I have extra bedrooms, but we have our two girls in our bedroom with us anyway.

Once we started out with the first one in our room in a bassinet, I could never talk myself into moving her too far away from me. When she got big, she just moved into our bed. Back then we had a Queen size bed.

Now, with two little ones, I have a twin bed on my side of the bed, and i jump up and down between my big king bed and the toddler (1.5 yrs) in the twin bed. Extremely convenient for nighttime nursing! I don't have to worry about her "falling," and she is one of those babies who sleeps kind of light, so if she's in our big bed, we wake her up. My big girl (4 yrs) has never gone to slept in her own room, even though she actually has a room of her own since we moved to a bigger house. I don't think she'll ever leave our bed! She's very, very devoted to us. She was born demanding. But, I don't really care. I love to being so close to them during the night.

I don't have any plans to end our family bed, yet.
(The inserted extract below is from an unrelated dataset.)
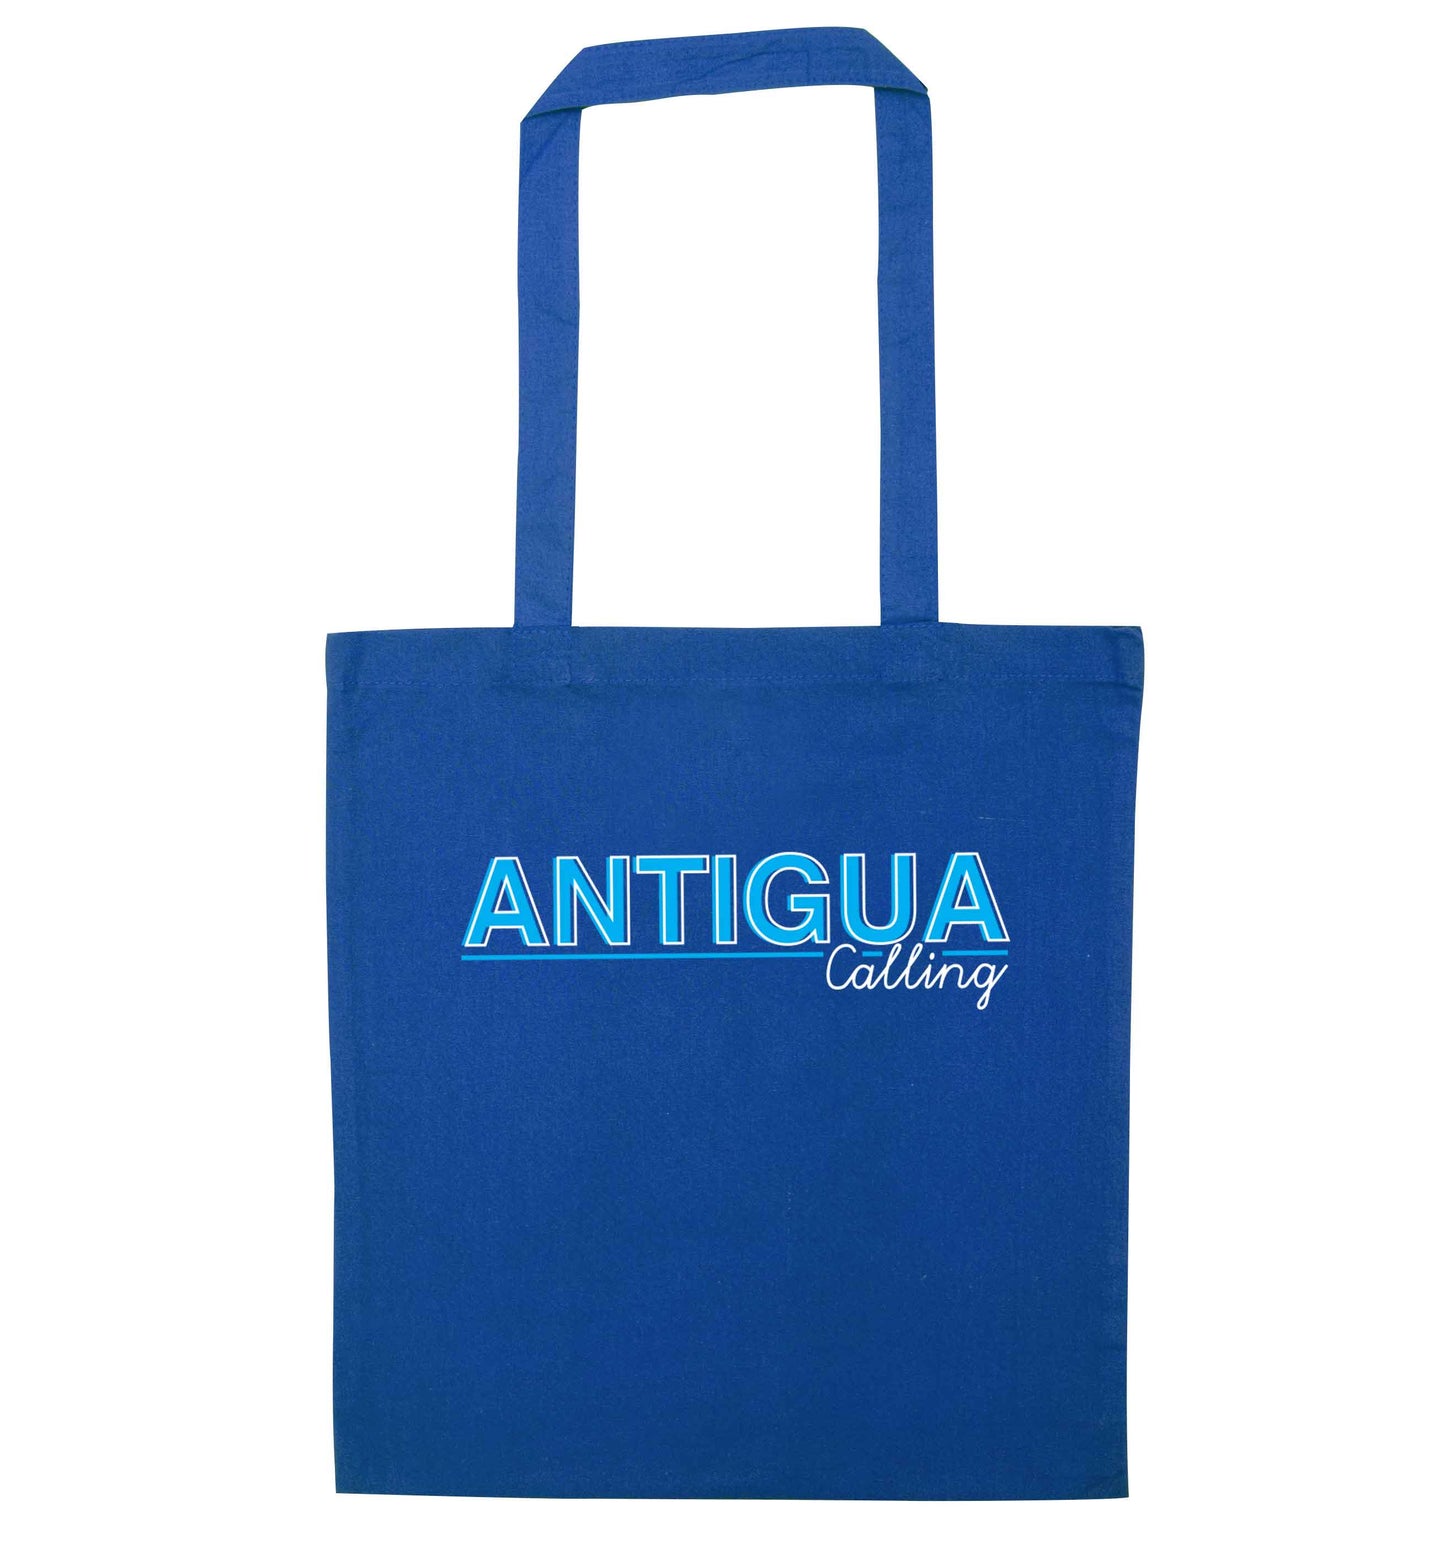 Antigua calling blue tote bag

I don't have any idea when my Alex will feel happy sleeping by herself in her own room.... probably never!... I bet I'll have to move her and Katie out at the same time to the same bed (so they still have someone to sleep with), like when they get to school age or something.

When we want a little extra privacy, we lay Alex down on her bed in her room. She just joins us when she wakes up.

My husband really loves it too.

The stepkids who are teens do not sleep anywhere near us! And, their mother was very conservative, so they got the full bottle and crib treatment from birth.


----------